● Exercise details
Please output only the lines running from the one that contains "Best Urologist Doctors In Kerala" through the last line of the data below, exactly as they stand, with no pictures.

● Data section
--

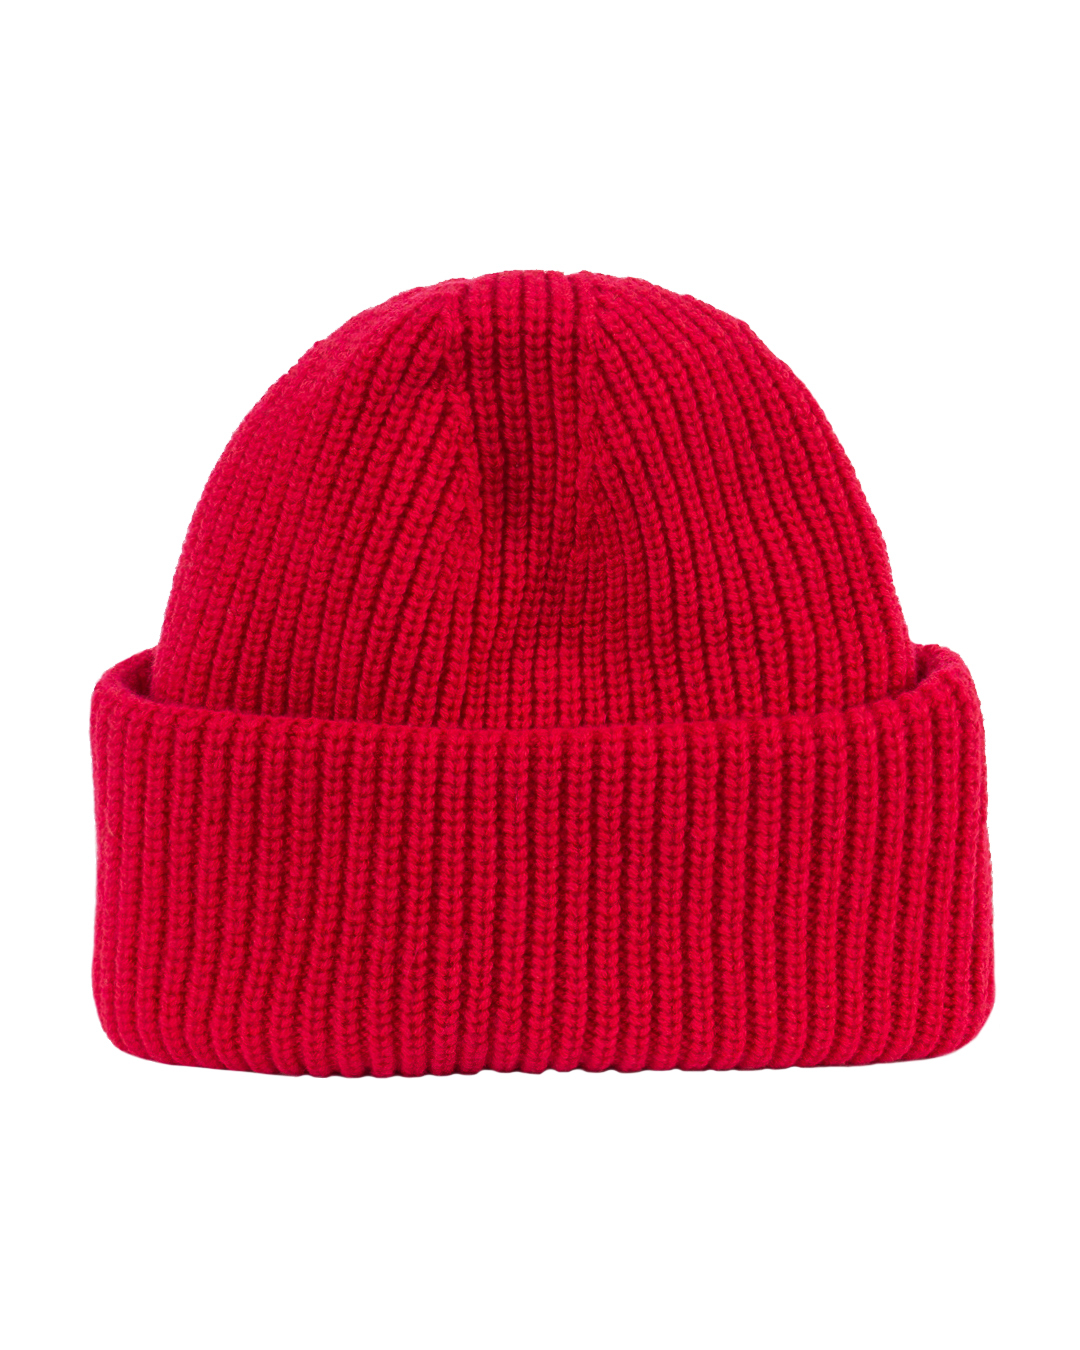 

шапка из шерсти и кашемира Free Age, Красный, W24.BN025.2030 красный UNI
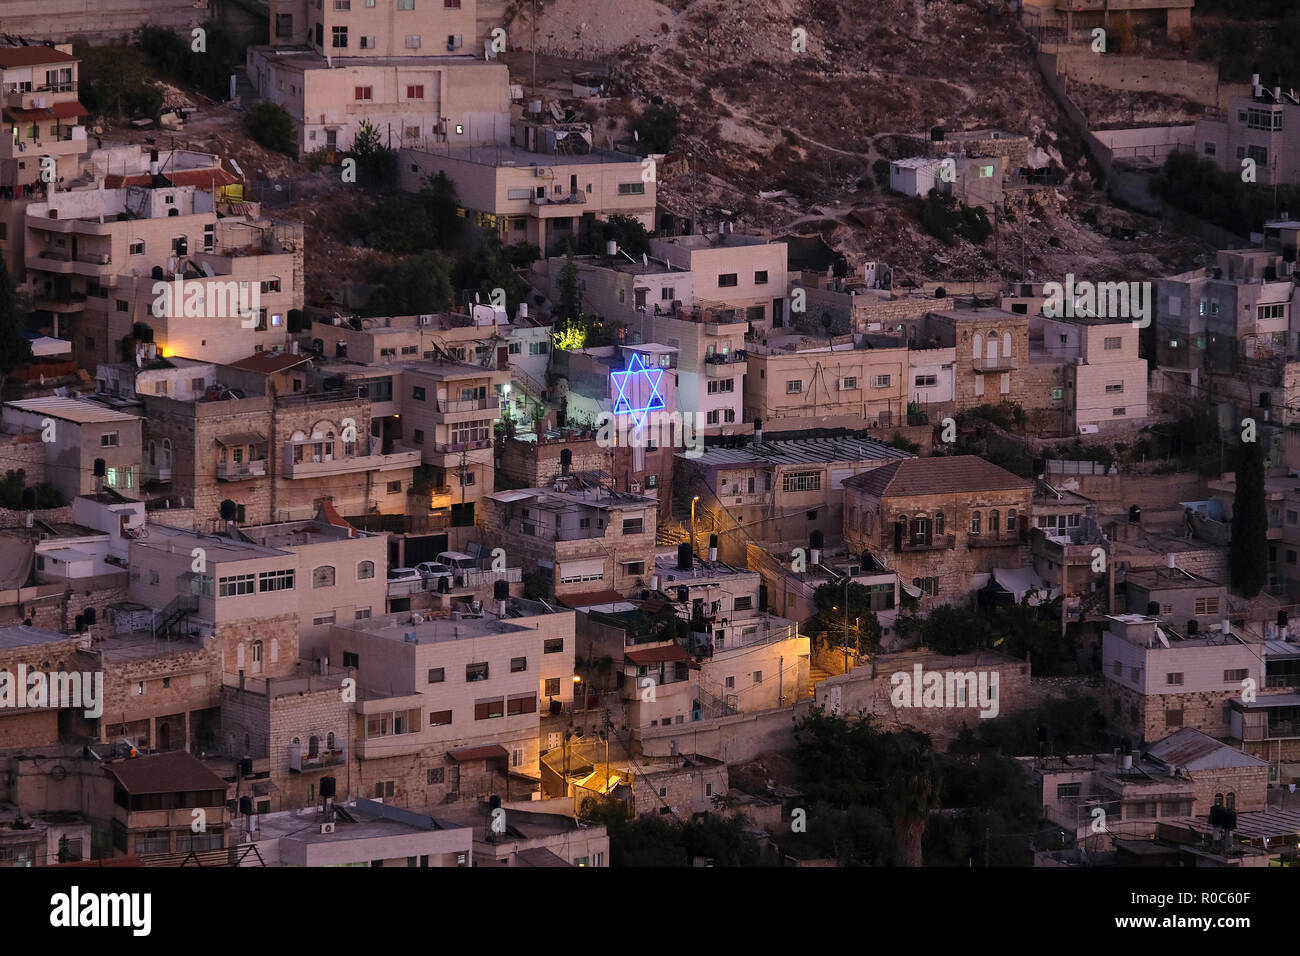 Une étoile géante et illuminée de David a placé à l'extérieur d'un bâtiment de colons juifs dans la région de Batan al-Hawa à Silwan, un quartier majoritairement palestinien à la périphérie de la vieille ville à Jérusalem-est, en Israël. Banque D'Images
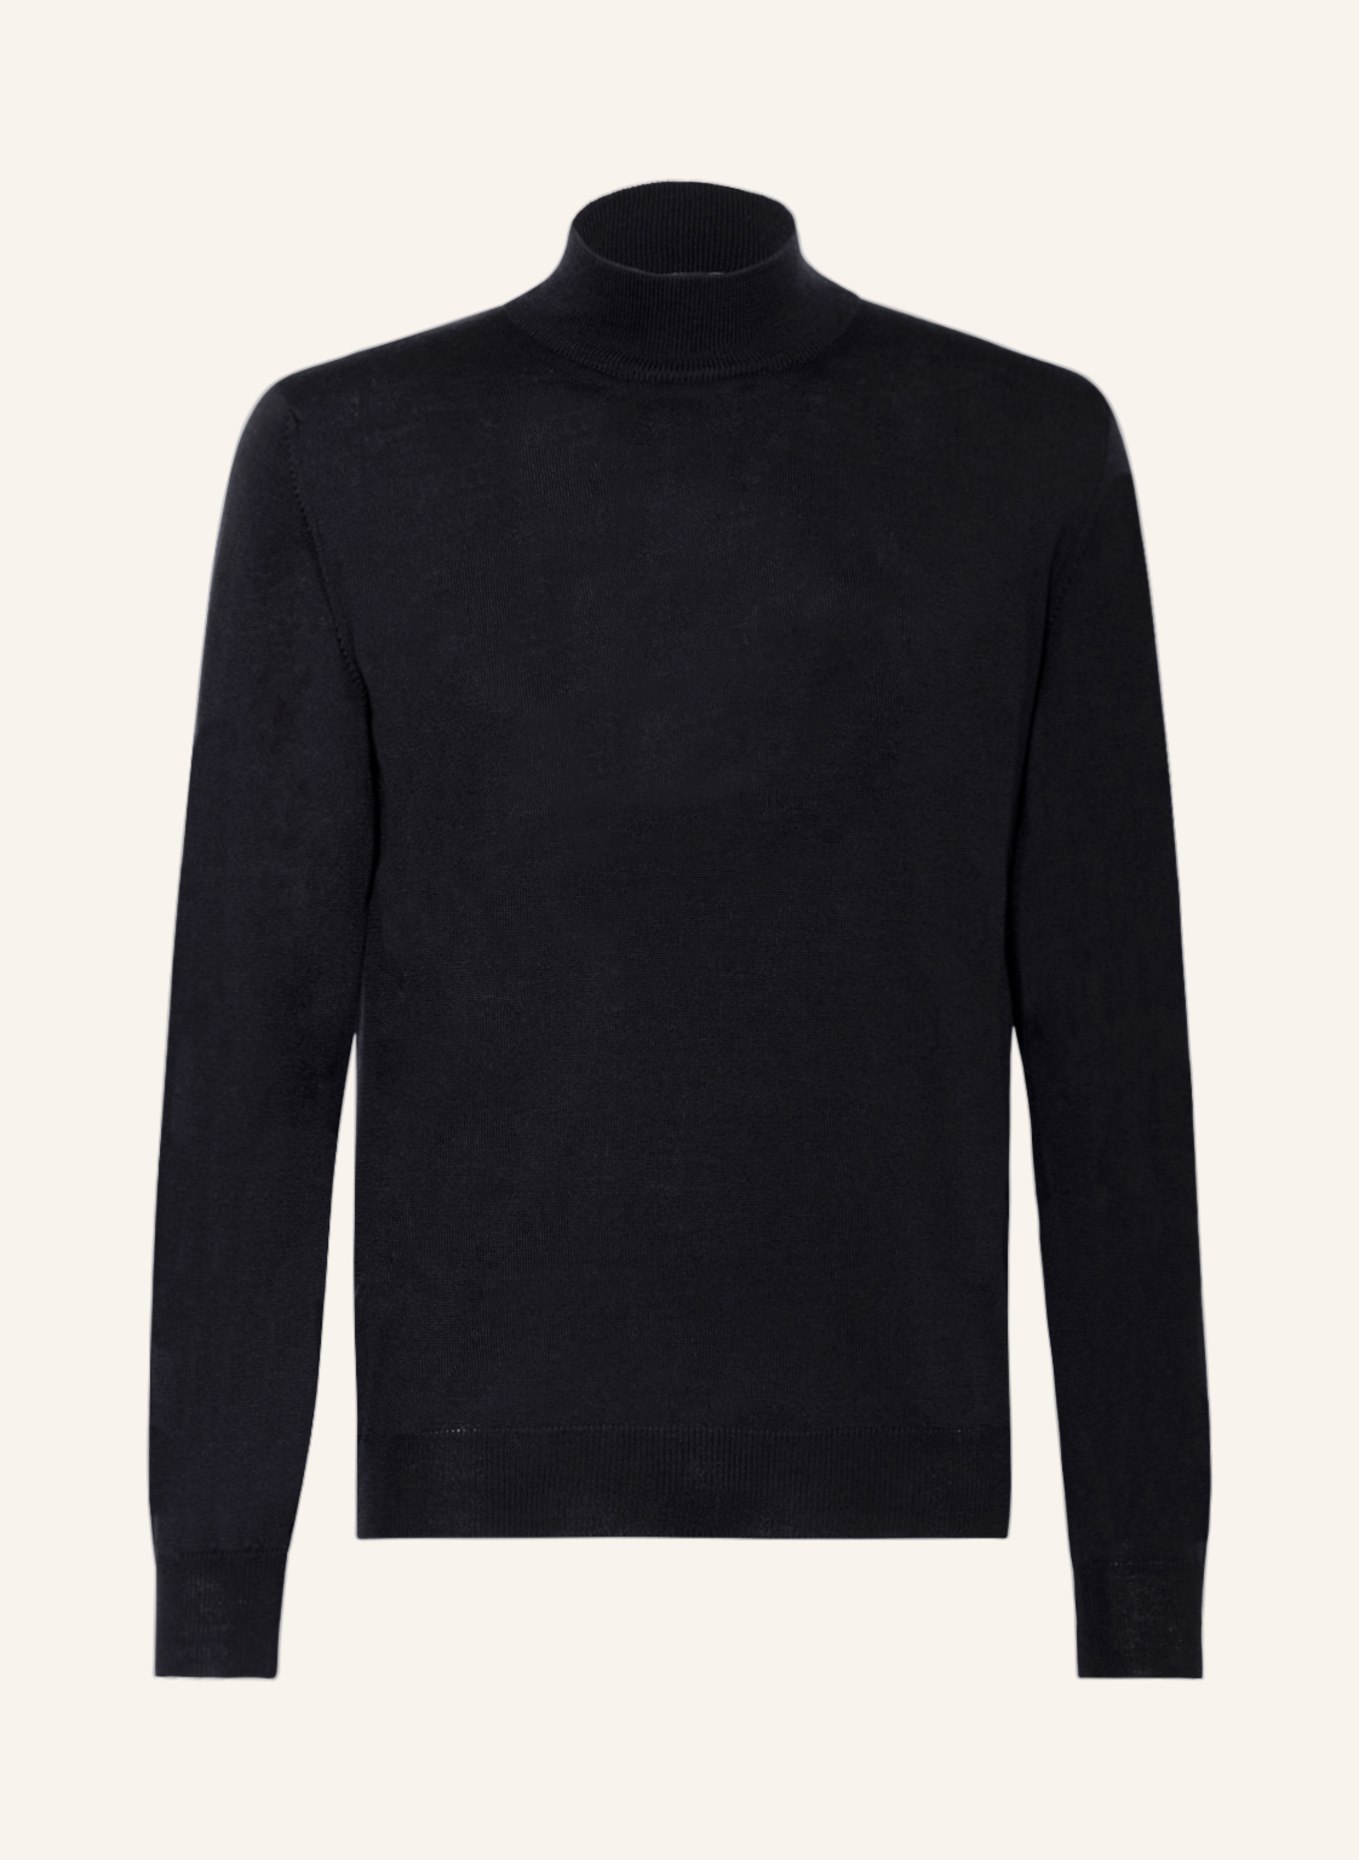 EDUARD DRESSLER Pullover, Farbe: DUNKELBLAU (Bild 1)
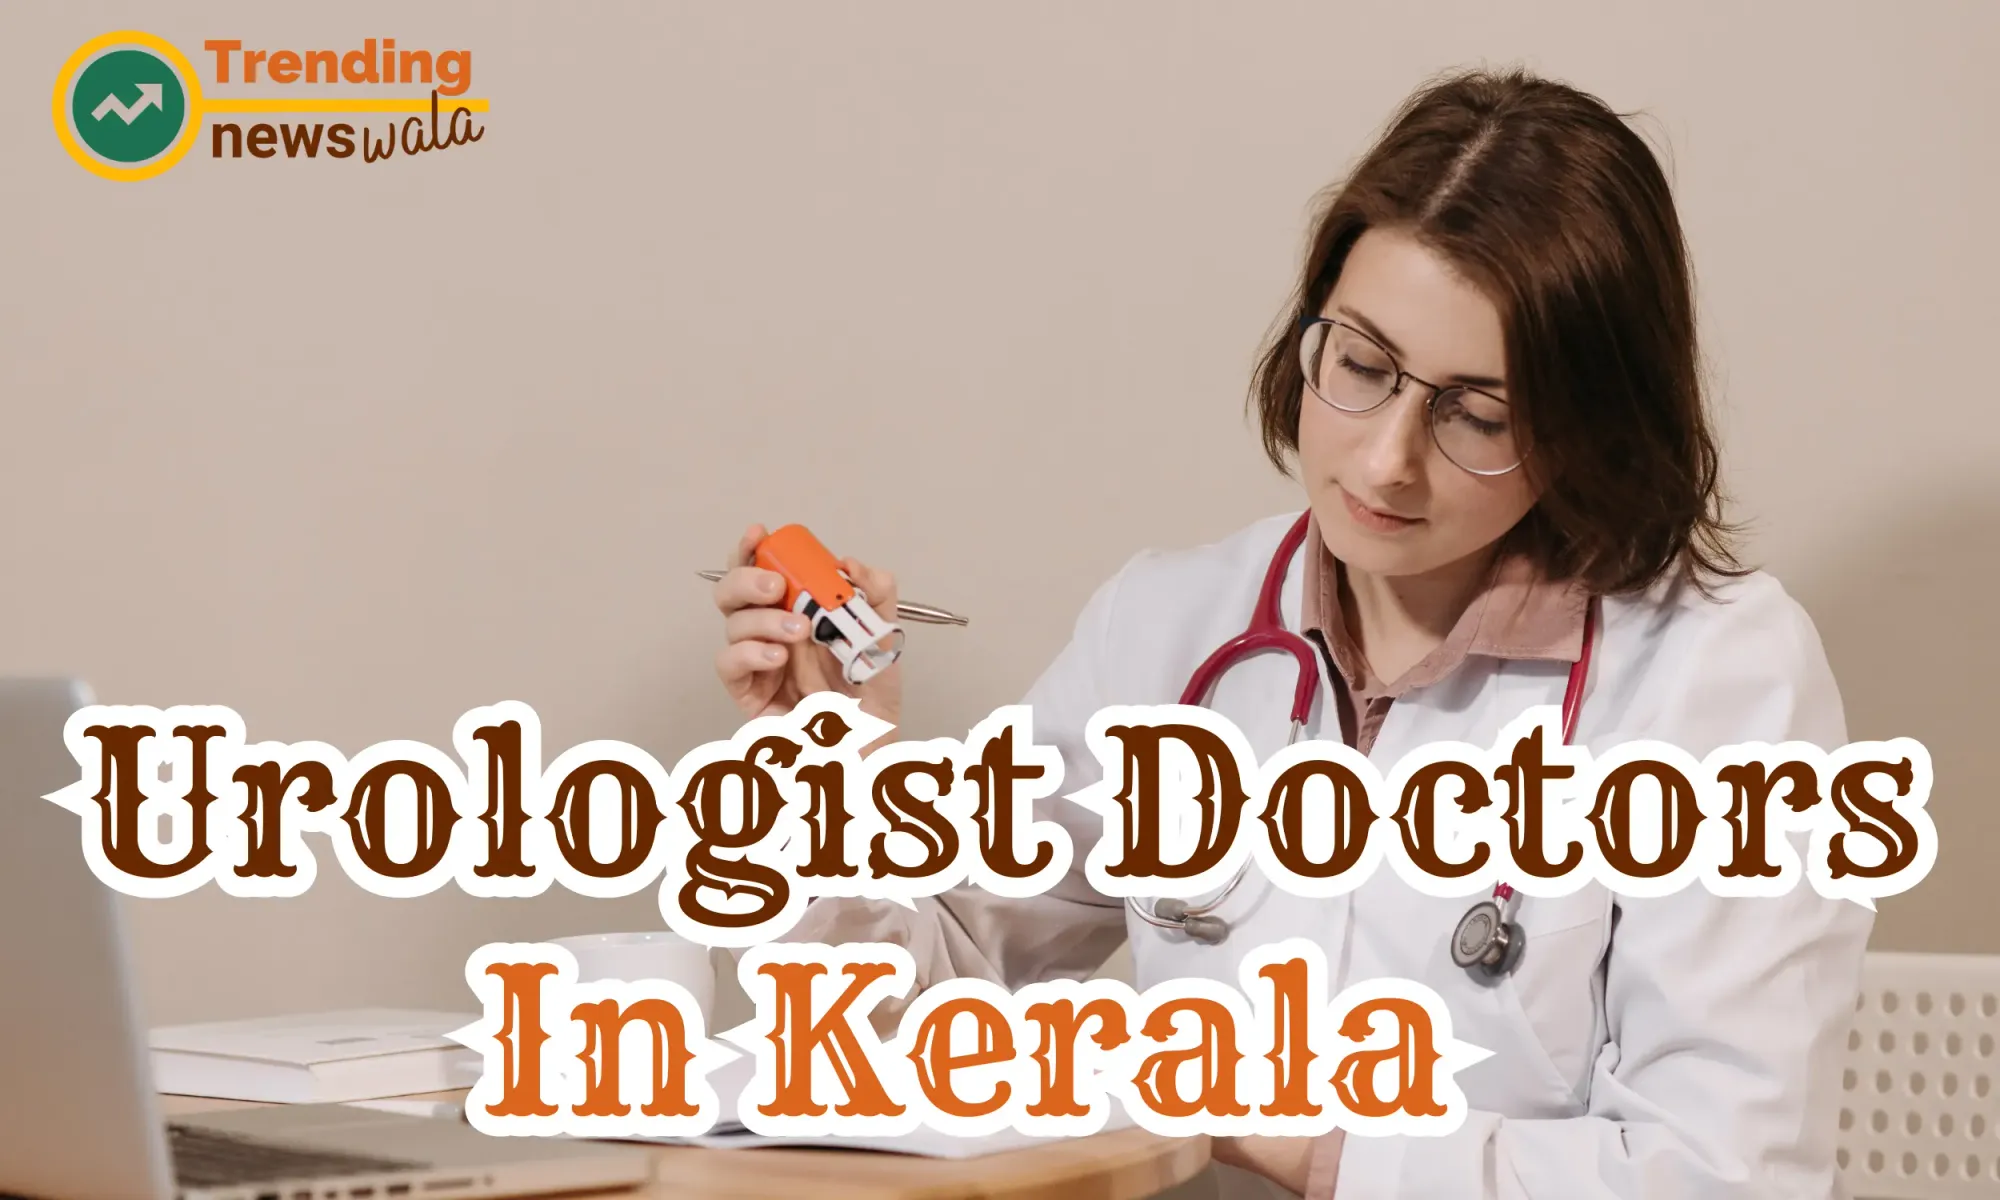 Best Urologist Doctors In Kerala
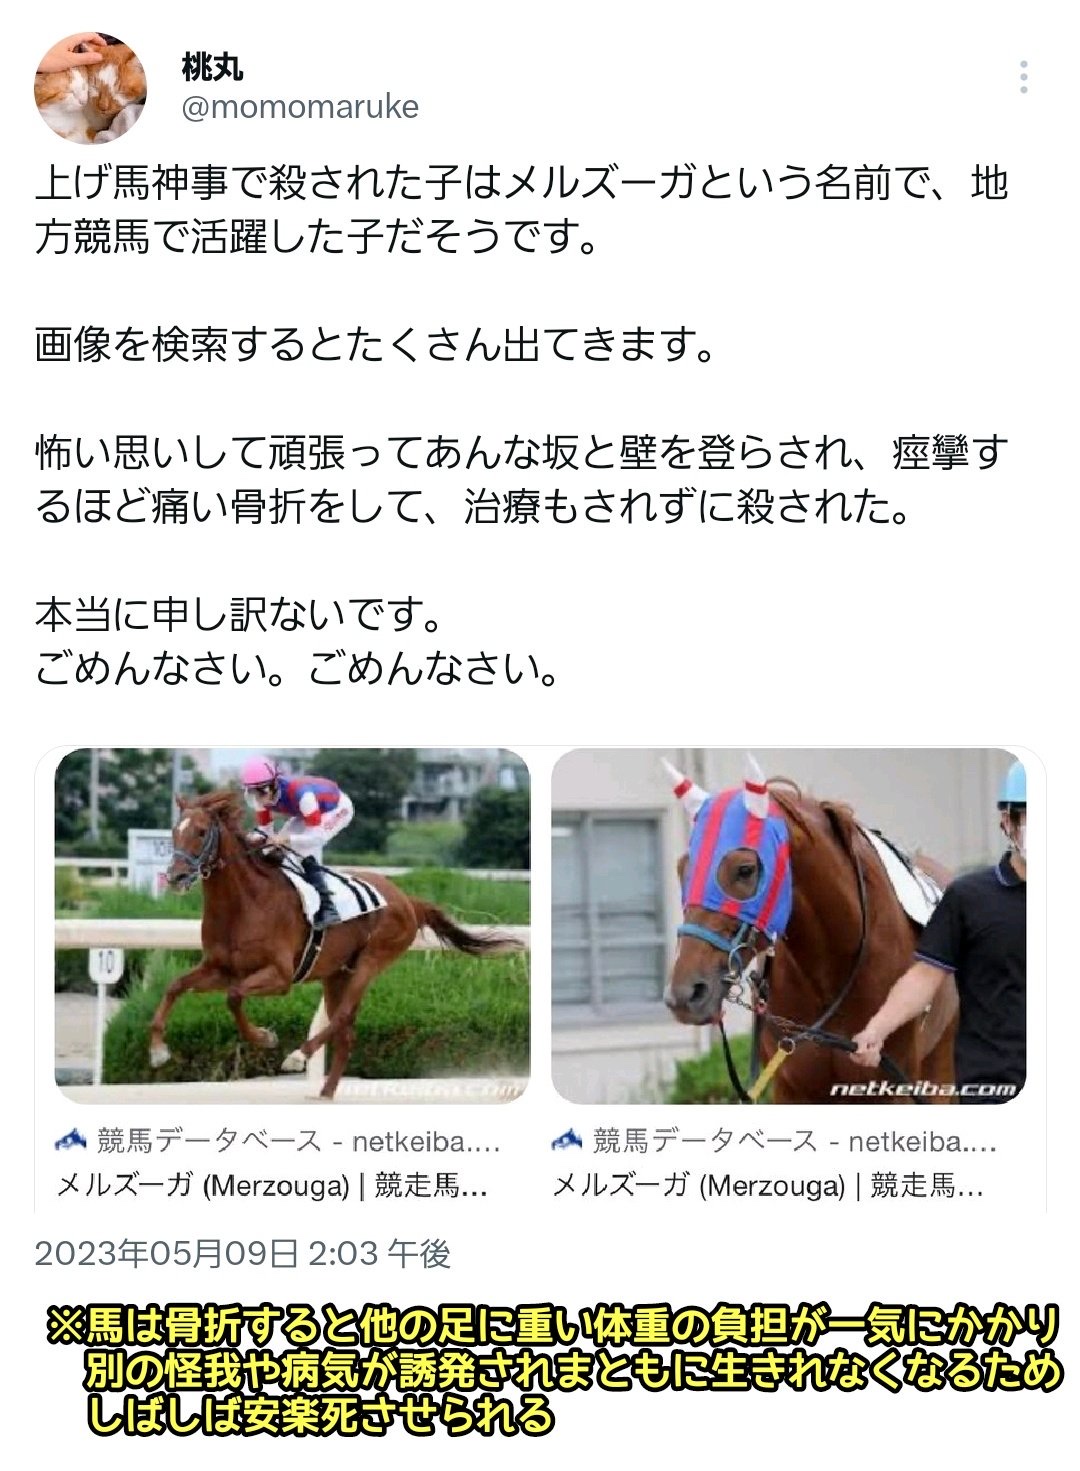 日本伝統の上げ馬神事で馬が骨折してしまい安楽○へ…案の定Twitterで大炎上競馬は許されるのに？\n_1

--

● Written response
 Best Urologist Doctors In Kerala
 日本伝統の上げ馬神事で馬が骨折してしまい安楽○へ…案の定Twitterで大炎上競馬は許されるのに？\n_1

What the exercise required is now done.